● **WHAT IS NEEDED**
All that should appear is the line containing "快到要圣诞节了，圣诞老人该怎么画呢？快教给孩子画一个吧" and the lines after it in the records below, each reproduced exactly.
THE RECORDS section start
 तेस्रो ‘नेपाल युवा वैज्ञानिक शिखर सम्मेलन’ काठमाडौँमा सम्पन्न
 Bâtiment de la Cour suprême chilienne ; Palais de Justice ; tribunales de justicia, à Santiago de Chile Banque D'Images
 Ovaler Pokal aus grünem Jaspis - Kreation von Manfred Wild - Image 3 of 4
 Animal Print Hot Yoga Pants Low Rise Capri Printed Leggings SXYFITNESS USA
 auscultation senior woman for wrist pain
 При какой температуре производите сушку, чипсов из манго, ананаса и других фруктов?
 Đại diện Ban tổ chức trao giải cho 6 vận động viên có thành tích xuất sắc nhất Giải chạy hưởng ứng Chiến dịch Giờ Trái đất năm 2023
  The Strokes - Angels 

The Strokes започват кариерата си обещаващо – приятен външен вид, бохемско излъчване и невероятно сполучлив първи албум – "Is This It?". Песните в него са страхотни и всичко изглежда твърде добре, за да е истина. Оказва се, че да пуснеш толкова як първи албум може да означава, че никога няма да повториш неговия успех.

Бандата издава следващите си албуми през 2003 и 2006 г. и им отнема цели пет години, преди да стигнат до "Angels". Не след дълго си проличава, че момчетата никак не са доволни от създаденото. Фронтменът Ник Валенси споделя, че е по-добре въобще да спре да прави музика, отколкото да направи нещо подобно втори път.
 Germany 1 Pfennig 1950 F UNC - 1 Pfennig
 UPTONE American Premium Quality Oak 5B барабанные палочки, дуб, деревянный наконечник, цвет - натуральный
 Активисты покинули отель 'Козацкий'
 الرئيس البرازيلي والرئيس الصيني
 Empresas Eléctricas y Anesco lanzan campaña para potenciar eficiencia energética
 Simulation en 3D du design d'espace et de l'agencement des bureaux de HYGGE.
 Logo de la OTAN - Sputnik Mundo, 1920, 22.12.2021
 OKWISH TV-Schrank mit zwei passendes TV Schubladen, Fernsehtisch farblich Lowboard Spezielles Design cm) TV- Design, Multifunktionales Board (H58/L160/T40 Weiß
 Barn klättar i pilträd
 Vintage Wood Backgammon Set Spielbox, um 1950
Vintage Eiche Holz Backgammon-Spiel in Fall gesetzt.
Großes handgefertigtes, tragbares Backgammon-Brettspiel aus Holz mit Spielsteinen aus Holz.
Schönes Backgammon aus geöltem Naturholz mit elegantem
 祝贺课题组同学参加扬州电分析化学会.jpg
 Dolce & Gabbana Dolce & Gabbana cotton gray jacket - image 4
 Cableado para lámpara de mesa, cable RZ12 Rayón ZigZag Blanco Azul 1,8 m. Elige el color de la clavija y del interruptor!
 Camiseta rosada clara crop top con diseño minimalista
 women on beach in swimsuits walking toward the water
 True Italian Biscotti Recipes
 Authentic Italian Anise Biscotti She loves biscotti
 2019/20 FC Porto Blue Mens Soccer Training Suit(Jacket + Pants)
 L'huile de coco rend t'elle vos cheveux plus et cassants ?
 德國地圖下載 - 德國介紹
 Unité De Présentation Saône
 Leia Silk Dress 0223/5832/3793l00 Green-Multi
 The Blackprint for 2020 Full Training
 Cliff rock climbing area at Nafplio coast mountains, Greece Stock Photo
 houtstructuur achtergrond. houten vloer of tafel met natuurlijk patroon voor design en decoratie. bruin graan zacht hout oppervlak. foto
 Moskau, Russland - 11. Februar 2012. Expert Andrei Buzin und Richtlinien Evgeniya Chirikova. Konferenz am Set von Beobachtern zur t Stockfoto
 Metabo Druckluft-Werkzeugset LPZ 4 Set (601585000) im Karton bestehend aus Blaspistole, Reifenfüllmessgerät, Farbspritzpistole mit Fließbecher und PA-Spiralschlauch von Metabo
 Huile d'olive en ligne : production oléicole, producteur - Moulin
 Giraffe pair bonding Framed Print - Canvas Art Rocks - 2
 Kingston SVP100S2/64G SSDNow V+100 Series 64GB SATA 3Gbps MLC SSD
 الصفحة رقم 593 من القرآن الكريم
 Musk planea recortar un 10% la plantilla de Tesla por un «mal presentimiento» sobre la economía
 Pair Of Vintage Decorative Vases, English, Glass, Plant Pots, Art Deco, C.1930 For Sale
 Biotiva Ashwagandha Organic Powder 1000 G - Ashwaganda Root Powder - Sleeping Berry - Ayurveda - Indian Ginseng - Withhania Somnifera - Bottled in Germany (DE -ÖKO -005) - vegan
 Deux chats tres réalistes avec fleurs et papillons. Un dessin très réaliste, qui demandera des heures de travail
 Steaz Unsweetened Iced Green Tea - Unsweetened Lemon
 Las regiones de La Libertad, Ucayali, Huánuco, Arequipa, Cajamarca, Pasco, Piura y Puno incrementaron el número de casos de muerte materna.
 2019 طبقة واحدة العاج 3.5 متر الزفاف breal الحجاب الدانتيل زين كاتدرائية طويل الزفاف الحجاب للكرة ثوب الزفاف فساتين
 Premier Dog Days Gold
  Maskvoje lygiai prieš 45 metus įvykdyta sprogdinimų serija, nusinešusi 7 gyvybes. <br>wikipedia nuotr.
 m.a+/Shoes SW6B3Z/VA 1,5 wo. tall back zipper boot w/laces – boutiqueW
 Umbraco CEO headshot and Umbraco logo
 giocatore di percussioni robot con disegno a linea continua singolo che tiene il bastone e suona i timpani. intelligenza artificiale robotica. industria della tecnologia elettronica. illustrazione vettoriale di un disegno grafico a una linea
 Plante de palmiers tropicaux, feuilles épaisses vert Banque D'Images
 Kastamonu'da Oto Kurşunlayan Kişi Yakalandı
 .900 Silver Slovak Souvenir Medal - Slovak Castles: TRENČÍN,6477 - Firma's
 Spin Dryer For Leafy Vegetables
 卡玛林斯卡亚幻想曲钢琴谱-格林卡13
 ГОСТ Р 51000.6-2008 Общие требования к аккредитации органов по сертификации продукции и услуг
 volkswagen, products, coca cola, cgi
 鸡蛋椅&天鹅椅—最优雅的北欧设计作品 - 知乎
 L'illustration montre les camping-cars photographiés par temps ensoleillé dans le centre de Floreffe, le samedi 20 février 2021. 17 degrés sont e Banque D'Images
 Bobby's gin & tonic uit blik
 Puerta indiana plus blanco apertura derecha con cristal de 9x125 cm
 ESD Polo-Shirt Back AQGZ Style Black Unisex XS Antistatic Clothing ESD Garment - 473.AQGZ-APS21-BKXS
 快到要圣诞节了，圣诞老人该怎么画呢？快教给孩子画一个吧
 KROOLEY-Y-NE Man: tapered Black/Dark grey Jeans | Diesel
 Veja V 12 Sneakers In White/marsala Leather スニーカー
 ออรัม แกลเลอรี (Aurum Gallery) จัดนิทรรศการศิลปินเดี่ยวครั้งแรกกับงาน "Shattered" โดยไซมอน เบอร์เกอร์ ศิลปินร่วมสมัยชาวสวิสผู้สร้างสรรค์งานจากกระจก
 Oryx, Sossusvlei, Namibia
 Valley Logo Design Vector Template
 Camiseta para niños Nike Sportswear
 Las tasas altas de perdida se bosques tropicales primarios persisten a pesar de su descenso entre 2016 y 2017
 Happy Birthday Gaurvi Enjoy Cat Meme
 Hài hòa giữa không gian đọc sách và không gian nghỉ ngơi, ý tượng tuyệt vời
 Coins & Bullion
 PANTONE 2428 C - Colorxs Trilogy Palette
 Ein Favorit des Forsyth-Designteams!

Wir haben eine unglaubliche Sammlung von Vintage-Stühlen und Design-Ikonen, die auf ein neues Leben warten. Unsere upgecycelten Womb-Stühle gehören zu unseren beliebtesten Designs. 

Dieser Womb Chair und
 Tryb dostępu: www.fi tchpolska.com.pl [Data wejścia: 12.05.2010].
THE RECORDS section end
● **SOLUTION FOR THIS TASK**
 快到要圣诞节了，圣诞老人该怎么画呢？快教给孩子画一个吧
 KROOLEY-Y-NE Man: tapered Black/Dark grey Jeans | Diesel
 Veja V 12 Sneakers In White/marsala Leather スニーカー
 ออรัม แกลเลอรี (Aurum Gallery) จัดนิทรรศการศิลปินเดี่ยวครั้งแรกกับงาน "Shattered" โดยไซมอน เบอร์เกอร์ ศิลปินร่วมสมัยชาวสวิสผู้สร้างสรรค์งานจากกระจก
 Oryx, Sossusvlei, Namibia
 Valley Logo Design Vector Template
 Camiseta para niños Nike Sportswear
 Las tasas altas de perdida se bosques tropicales primarios persisten a pesar de su descenso entre 2016 y 2017
 Happy Birthday Gaurvi Enjoy Cat Meme
 Hài hòa giữa không gian đọc sách và không gian nghỉ ngơi, ý tượng tuyệt vời
 Coins & Bullion
 PANTONE 2428 C - Colorxs Trilogy Palette
 Ein Favorit des Forsyth-Designteams!

Wir haben eine unglaubliche Sammlung von Vintage-Stühlen und Design-Ikonen, die auf ein neues Leben warten. Unsere upgecycelten Womb-Stühle gehören zu unseren beliebtesten Designs. 

Dieser Womb Chair und
 Tryb dostępu: www.fi tchpolska.com.pl [Data wejścia: 12.05.2010].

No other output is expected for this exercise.